Make sure you have Python>=3.9 and Cuda>=11.2 installed. Then run:
```bash
pip install -r requirements.txt
```

## Preprocess data
Adapt the config file in `configs/preprocess_owt2.json` to your specific case, and then run:
```
python preprocess.py --config=configs/your_config_file.json
```

## Training
### Encoder
To train an encoder model:
1. Write/edit model-related parameters in a config file similar to `configs/mlm_headless.json`
2. Run the following command with your specific arguments:
```bash
python mlm_headless.py \
    --config configs/your_config_file.json \
    --num_nodes your-gpu-node-count \
    --global_bs your-accumulated-batch_size \
    --gpu_bs your-per-device-batch-size \
    --dataset your-preprocessed-output.hf \
    --hf_tokenizer your-tokenizer \
    --hf_path path-to-your-model-arch-on-HF \
    --model_max_seq_len models-max-pos-embeddings \
    --run_name run-name-for-logging-and-ckpts \
    --saved_ckpt_path where-to-save-ckpts
```
Other args include `--accelerator` (`hf`, `xformers` or `flash_attention`), `--ckpt_every` to pick checkpoint frequency, among others.

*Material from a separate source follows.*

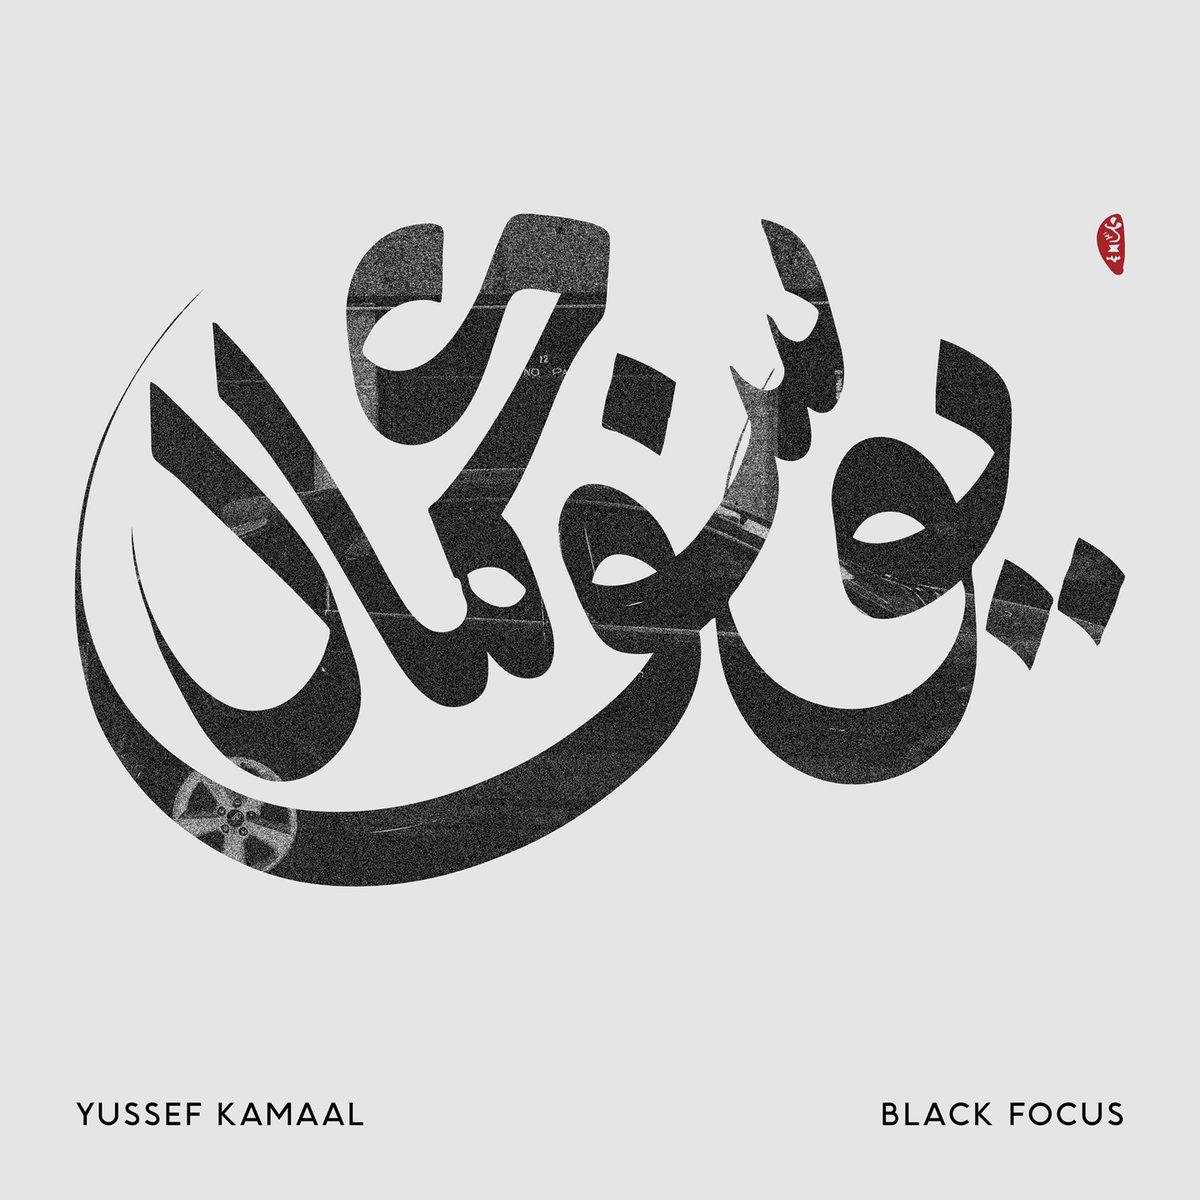 Yussef Kamaal

3. Pick your checkpoint and publish it to HuggingFace:
```python
python hf_publisher.py \
    --hf_name your_hf_id/your_model \
    --model_ckpt your_model.ckpt \
    --mode mlm
```
### Decoder
To train a decoder model:
1. Write/edit model-related parameters in a config file similar to `configs/gpt_headless_70m.json`
2. Run the following command with your specific arguments:
```bash
python gpt_headless.py \
    --config configs/your_config_file.json \
    --num_nodes your-gpu-node-count \
    --global_bs your-accumulated-batch_size \
    --gpu_bs your-per-device-batch-size \
    --dataset your-preprocessed-output.hf \
    --hf_tokenizer your-tokenizer \
    --hf_path path-to-your-model-arch-on-HF \
    --model_max_seq_len models-max-pos-embeddings \
    --run_name run-name-for-logging-and-ckpts \
    --saved_ckpt_path where-to-save-ckpts
```
Other args include `--accelerator` (`hf`, `xformers` or `flash_attention`), `--ckpt_every` to pick checkpoint frequency, among others.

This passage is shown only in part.